أَعُوذُ بِاللَّهِ مِنَ الشَّيْطَانِ الرَّجِيمِ
وَمَا مِنْ دَاۤ بَّةٍ فِى الْاَ رْضِ اِلَّا عَلَى اللّٰهِ رِزْقُهَا وَ يَعْلَمُ مُسْتَقَرَّهَا وَمُسْتَوْدَعَهَا ۗ كُلٌّ فِيْ كِتٰبٍ مُّبِيْنٍ
“Dan tidak satu pun makhluk bergerak (bernyawa) di bumi melainkan semuanya dijamin Allah rezekinya. Dia mengetahui tempat kediamannya dan tempat penyimpanannya. Semua (tertulis) dalam Kitab yang nyata (Lauh Mahfuz).” (QS. Hud 11: Ayat 6)

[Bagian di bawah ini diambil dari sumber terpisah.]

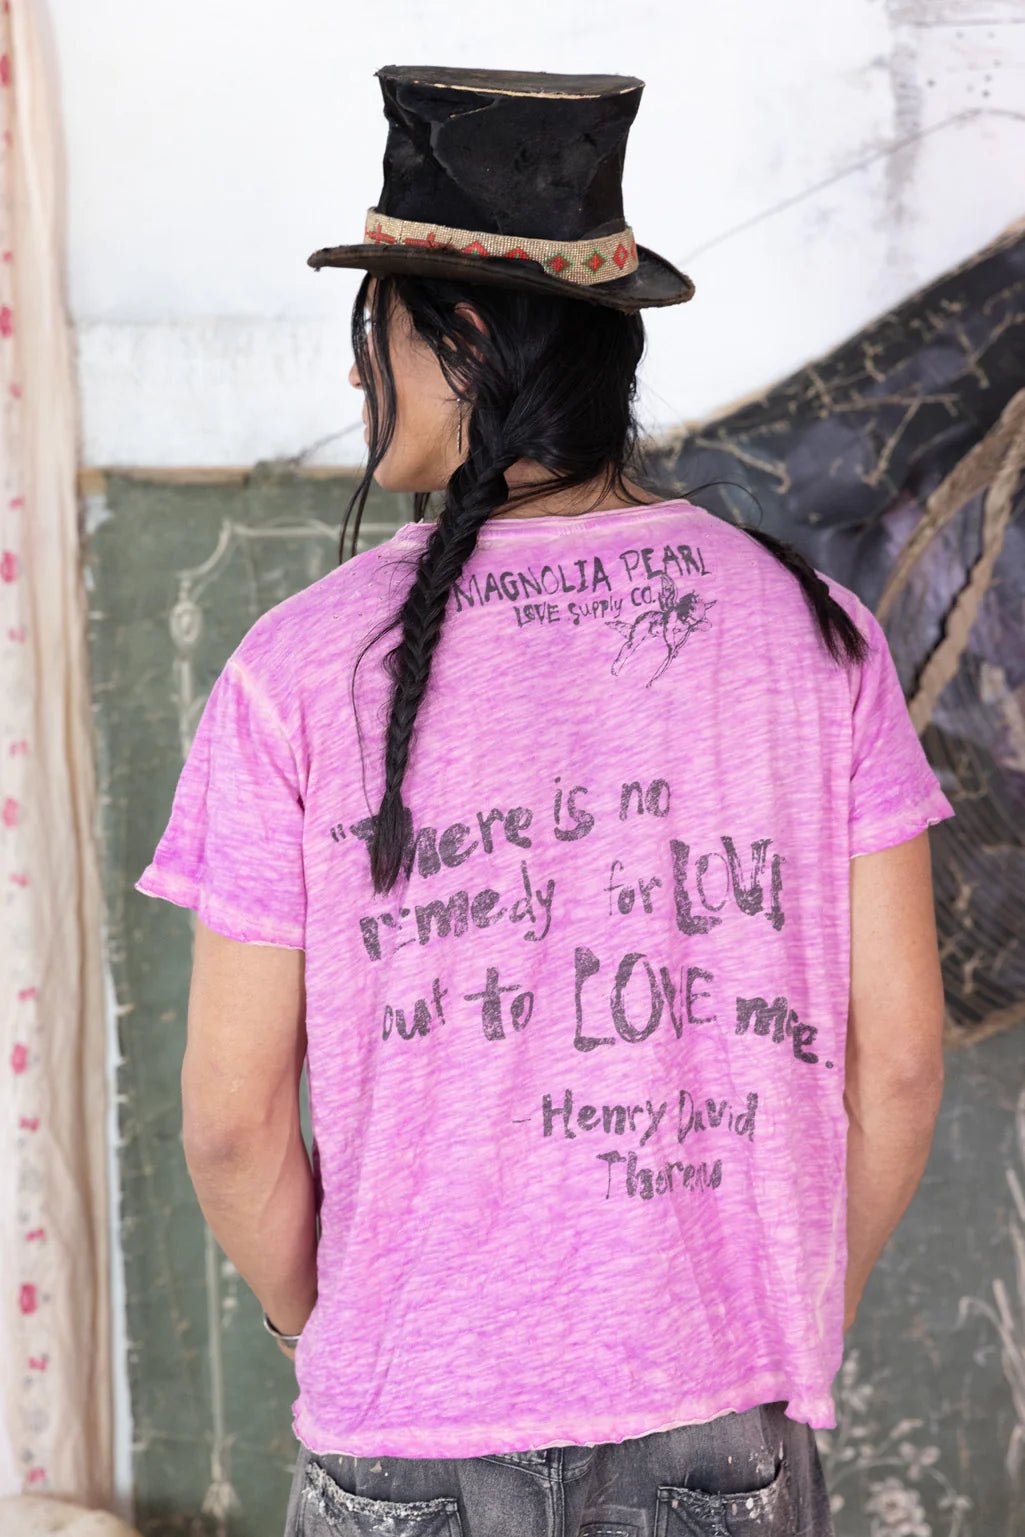 Love Is The Remedy T Top 1666 - AlliumMagnolia PearlShirts & Tops

Rezeki adalah jaminan dari Allah
Dalam tafsir lengkap Kementrian Agama RI; Binatang-binatang yang melata, yang hidup di bumi yang meliputi binatang yang merayap, merangkak, atau pun yang berjalan dengan kedua kakinya, semuanya dijamin rezekinya oleh Allah. Binatang-binatang itu diberi naluri dan kemampuan untuk mencari rezekinya sesuai dengan fitrah kejadiannya, semuanya diatur Allah dengan hikmat dan kebijaksanaan-Nya sehingga selalu ada keserasian. Jika tidak diatur demikian, mungkin pada suatu saat ada binatang yang berkembang-biak terlalu cepat, sehingga mengancam kelangsungan hidup binatang-binatang yang lain, atau ada yang mati terlalu banyak, sehingga mengganggu keseimbangan lingkungan. Jika ada sebagian binatang memangsa binatang lainnya, hal itu adalah dalam rangka keseimbangan alam, sehingga kehidupan yang harmonis selalu dapat dipertahankan.

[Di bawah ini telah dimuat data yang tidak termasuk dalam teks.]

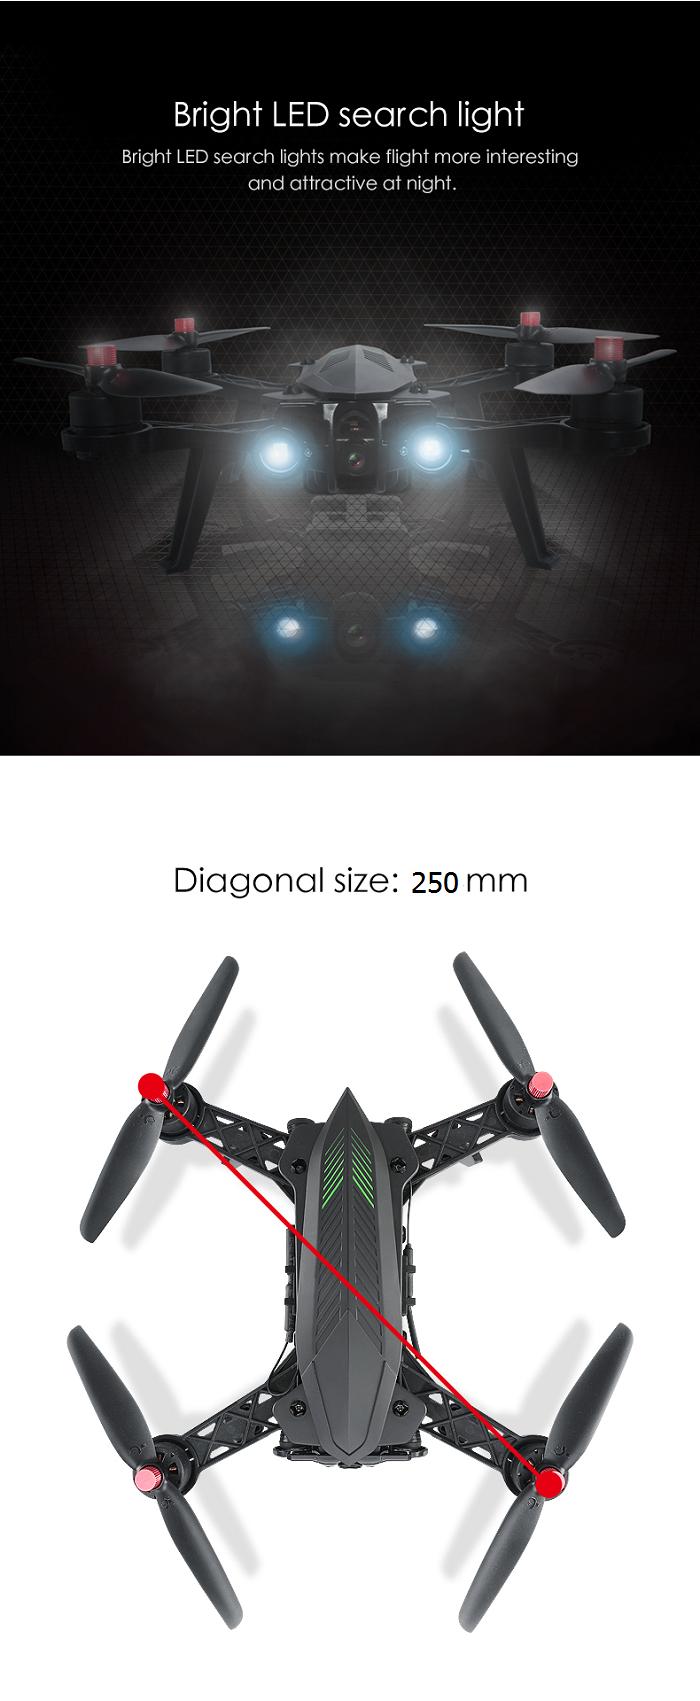 MJX-B6-Bugs-6-Brushless-with-LED-Light-3D-Roll-Racing-Drone-RC-Quadcopter-RTF-1148467-7
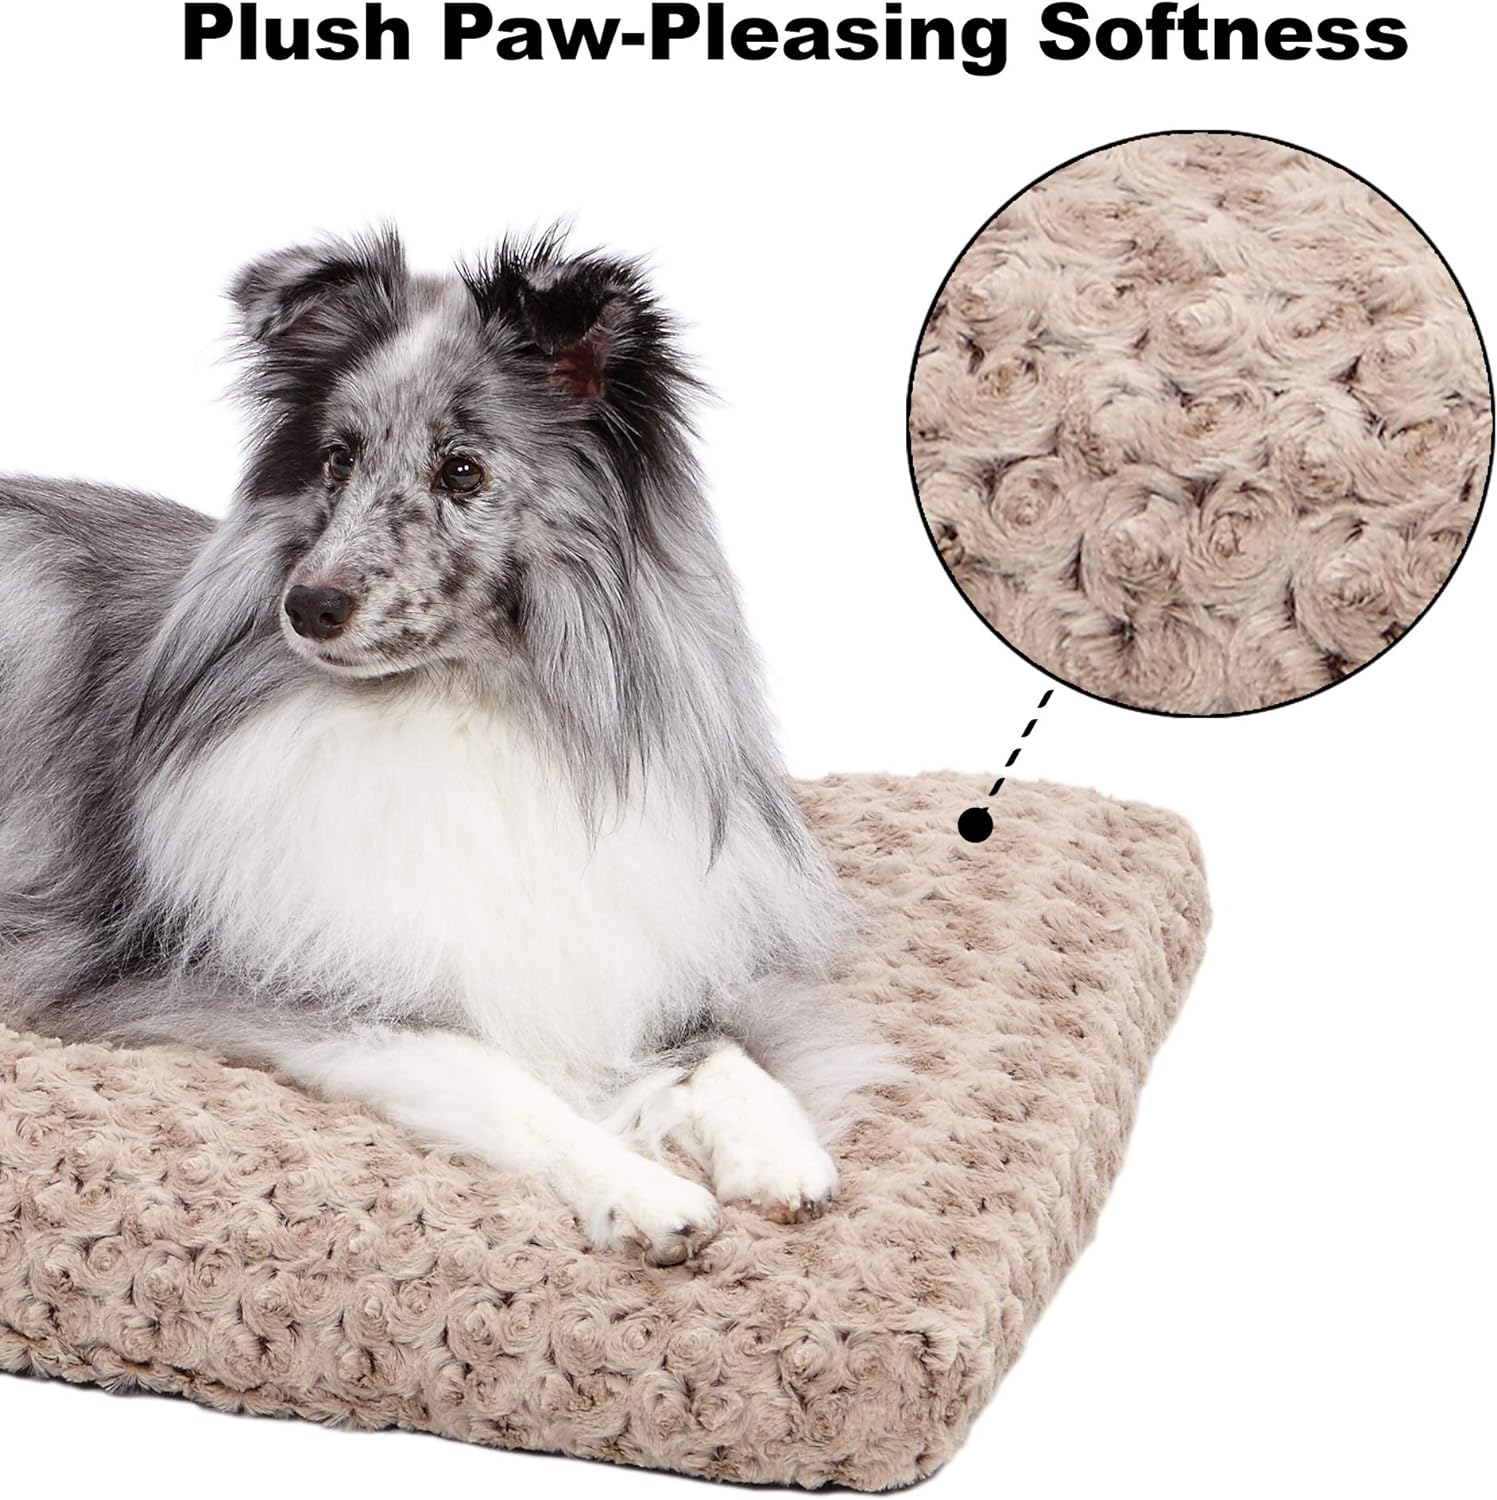 MidWest Homes for Pets Deluxe Dog Beds | Super Plush Dog  Cat Beds Ideal for Dog Crates | Machine Wash  Dryer Friendly, 1-Year Warranty, Mocha, 46.0 L x 28.0 W x 3.0 Th

Allah mengetahui tempat berdiam binatang-binatang itu dan tempat persembunyiannya, bahkan ketika masih berada dalam perut induknya. Pada kedua tempat itu, Allah senantiasa menjamin rezekinya dan semua itu telah tercatat dan diatur serapi-rapinya di Lauh Mahfudh, yang berisi semua perencanaan dan pelaksanaan dari seluruh ciptaan Allah secara menyeluruh dan sempurna.
Rezeki adalah jaminan dari Allah, meskipun kadang datangnya tidak sesuai waktu atau cara yang kita bayangkan. Banyak kisah inspiratif yang mencerminkan makna ayat ini.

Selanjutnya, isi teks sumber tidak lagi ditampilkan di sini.